(INPUT DATA begins)

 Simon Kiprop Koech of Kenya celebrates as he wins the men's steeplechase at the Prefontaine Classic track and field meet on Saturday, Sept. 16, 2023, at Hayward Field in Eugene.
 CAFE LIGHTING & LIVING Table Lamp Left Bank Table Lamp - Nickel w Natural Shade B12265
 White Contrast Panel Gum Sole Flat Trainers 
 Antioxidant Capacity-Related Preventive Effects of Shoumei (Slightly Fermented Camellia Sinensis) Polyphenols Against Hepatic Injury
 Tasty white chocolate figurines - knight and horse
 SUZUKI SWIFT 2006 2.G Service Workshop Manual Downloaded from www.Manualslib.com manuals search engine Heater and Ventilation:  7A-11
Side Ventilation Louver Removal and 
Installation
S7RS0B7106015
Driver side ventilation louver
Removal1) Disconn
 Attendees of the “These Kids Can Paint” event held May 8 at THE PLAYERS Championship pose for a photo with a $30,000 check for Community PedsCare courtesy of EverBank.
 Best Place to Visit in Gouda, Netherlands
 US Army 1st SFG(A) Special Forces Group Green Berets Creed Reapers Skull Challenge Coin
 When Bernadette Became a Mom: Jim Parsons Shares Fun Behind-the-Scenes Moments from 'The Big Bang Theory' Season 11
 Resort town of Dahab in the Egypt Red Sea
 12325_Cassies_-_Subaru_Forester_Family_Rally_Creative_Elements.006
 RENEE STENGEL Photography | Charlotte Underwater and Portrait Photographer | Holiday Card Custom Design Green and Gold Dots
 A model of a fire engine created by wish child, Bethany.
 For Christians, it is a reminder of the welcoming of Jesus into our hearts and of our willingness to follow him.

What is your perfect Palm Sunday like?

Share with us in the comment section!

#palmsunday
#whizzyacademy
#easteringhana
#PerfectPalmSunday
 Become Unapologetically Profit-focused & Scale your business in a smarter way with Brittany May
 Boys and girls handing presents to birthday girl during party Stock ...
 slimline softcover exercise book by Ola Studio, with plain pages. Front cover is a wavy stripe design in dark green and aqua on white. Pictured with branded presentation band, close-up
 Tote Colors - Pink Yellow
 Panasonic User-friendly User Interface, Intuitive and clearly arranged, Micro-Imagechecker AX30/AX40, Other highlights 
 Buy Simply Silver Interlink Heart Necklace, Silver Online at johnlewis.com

(INPUT DATA ends)

◆ **ABOUT THIS EXERCISE**
The required answer is the exact run of lines above starting at the line with "#whizzyacademy" and ending at the line with "Tote Colors - Pink Yellow", with both ends present.

◆ **ANSWER AREA**
#whizzyacademy
#easteringhana
#PerfectPalmSunday
 Become Unapologetically Profit-focused & Scale your business in a smarter way with Brittany May
 Boys and girls handing presents to birthday girl during party Stock ...
 slimline softcover exercise book by Ola Studio, with plain pages. Front cover is a wavy stripe design in dark green and aqua on white. Pictured with branded presentation band, close-up
 Tote Colors - Pink Yellow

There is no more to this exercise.